Bridget came down the dark stairway in a grey pleated skirt, flat-heeled shoes and a boy’s tennis shirt.
“Dear me. I didn’t bring my gumboots—or a racket. I’m sorry.”
“Don’t be silly. You’ll want gumboots for the garden. They flood it every morning. Alexander’s very keen on it—you’ll be shown round—and do be a bit interested.”
We moved into the drawing-room where her parents were—a room littered with silver-framed photographs of friends and relations and interminable children, including the mandatory image of Mr. Girgis—Girgis Bey—in full regalia as an Egyptian civil servant thirty years before, looking more than ever the Turkish peasant in a tarbrush, decorated sash across his breast and a bushy moustache.
They stood up and smiled graciously, distantly—as though gently emphasising the distance between their home and the Maadi Sporting Club—and Mrs. Girgis turned the radio off.
“No—please. Don’t turn it off for me.”
“But Mr. Marlow, we want to hear about you. And anyway,” she went on in a lower voice, gesturing towards a bundle of old Army blankets in a chair near the radio which I hadn’t yet noticed, “it’s for her. Mamie. Alex’s old nurse.”
A woman of incredible age, almost completely swathed in a coarse threadbare blanket with just a wisp of white hair falling from beneath the cowl which the material formed over her head, looked at me carefully and rather malevolently from behind a pair of gold-rimmed spectacles. It was an old face, grey—almost indistinguishable from the colour of the blanket—withered, shapeless as folds of sand, except for the open eyes, magnified by the glass, which were pale blue, large and fresh as a child’s. I had the impression that although I was supposed to accept her as a senile harmless old party, mentally in her dotage and physically far beyond greeting me, this was not the case—an assumption that soon proved correct. I had turned away and having
finished my greetings with the Girgises was about to sit down when a squeaky, crystal-clear announcement emerged from the bundle.
“Would not Mr. Marlow shake hands with me? Would that not be manners?”

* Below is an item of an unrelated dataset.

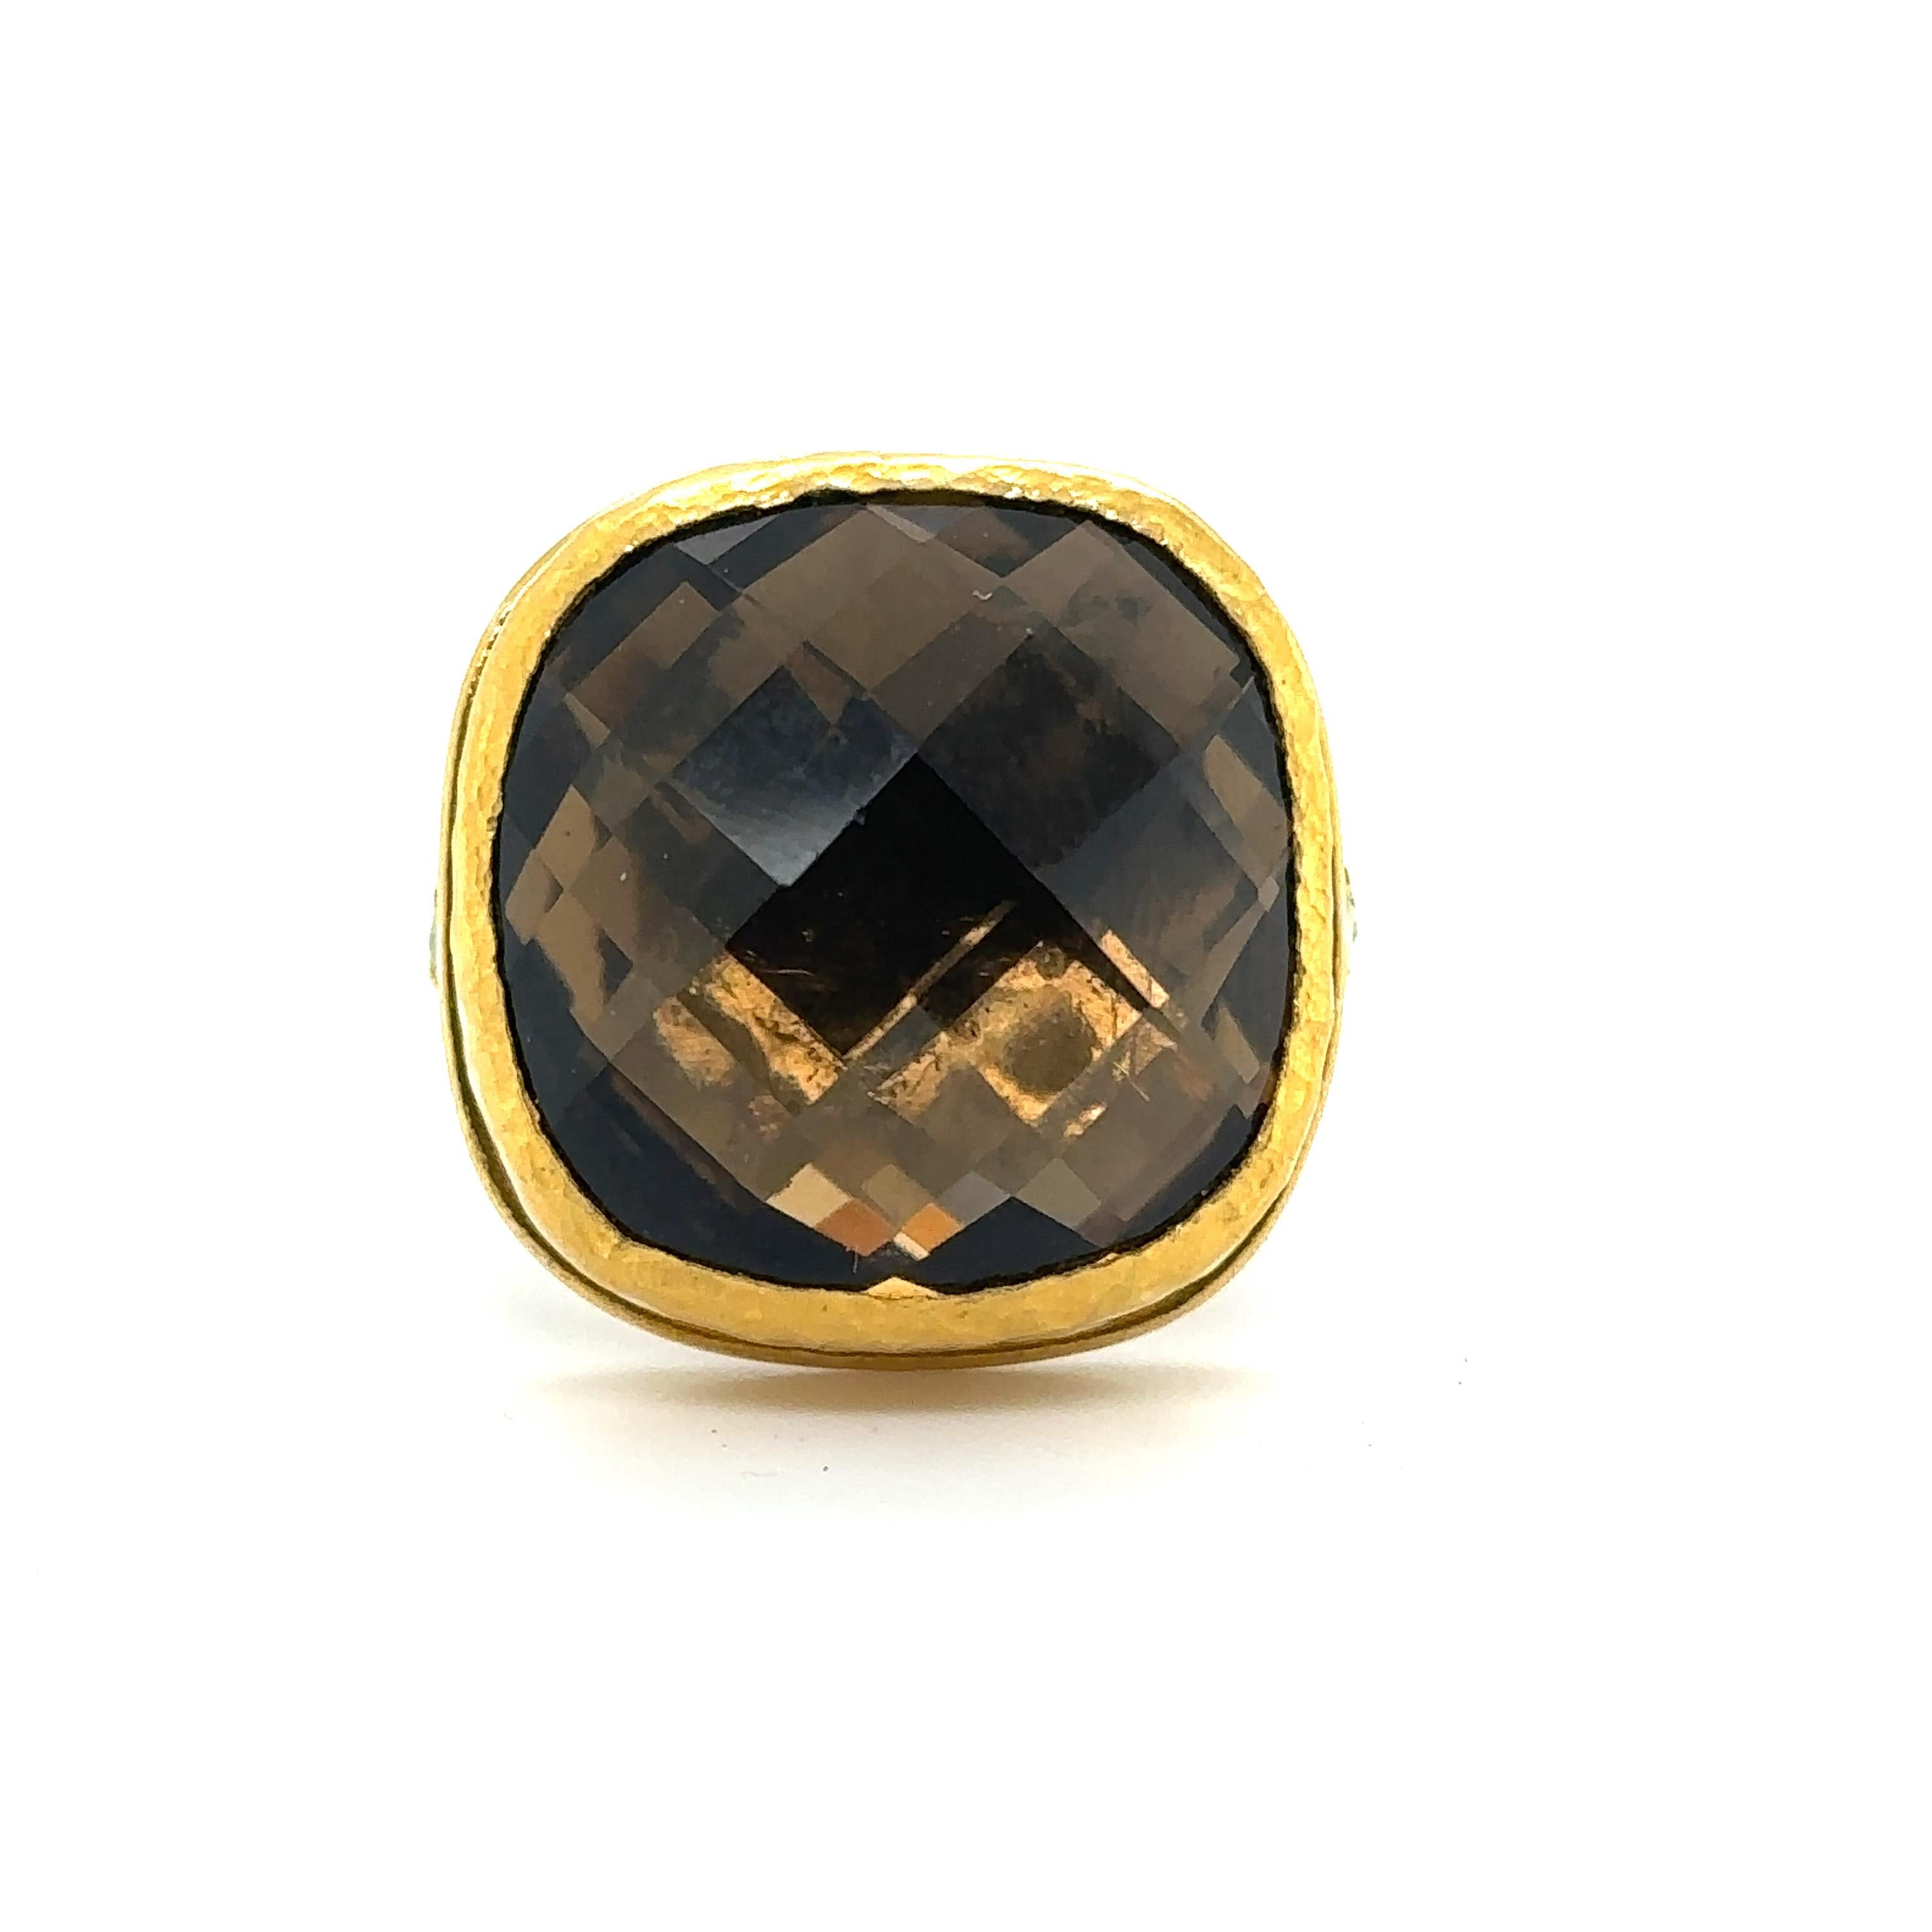 JAS-19-1993-24KT GOLD/SS with CUSHION CUT SMOKY QUARTZ & CHROME DIOPSIDES For Sale 2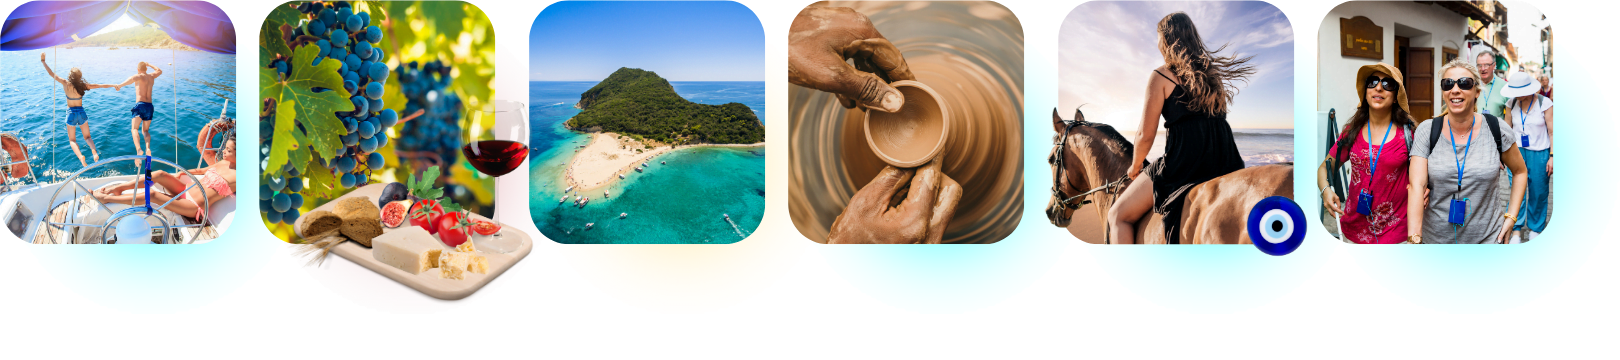 experience tiles featuring blue caves, friends on a cruise, shipwreck beach, a vineyard, clay making, horse riding and a tour guide in Zakynthos island

With its repeated negatives, its reproving, petulant insistence, it was an ageless, endlessly practiced injunction: honed in wars of attrition against countless bygone brats it came now over the air, a message from the past, a call to order from the nursery, a reminder that however far afield we had gone in time or place that dictatorship was ever at hand. The words were vindictive, in a way I had long forgotten, they had been put not as a question but as a sentence handed down from a court without appeal. I wondered for a moment if all of us would have to have lunch in the pantry without any pudding.
Mrs. Girgis was the first to recover herself.
“But, Nanny, I thought you never shook hands. You never have.”
And indeed there were no hands to shake. The grey blanket remained folded over the chair, completely covering the miniscule body, like the bark of a strange tree.
“I shall have my lunch upstairs as usual.” The tree came to life. Mr. Girgis in a pair of old check carpet slippers helped her to her feet with the air of a man attending a grave accident, giving her a malacca cane with which she walked slowly but firmly across and out of the room.
“I am sorry.” Mrs. Girgis was truly upset in an awkward way. “She never wants to meet anyone. She just comes downstairs for the Sunday programme—you must have come a little early. She was Alexander’s nanny. She came from the Residency. She’d been one of Kitchener’s aides before that. I simply can’t understand it.”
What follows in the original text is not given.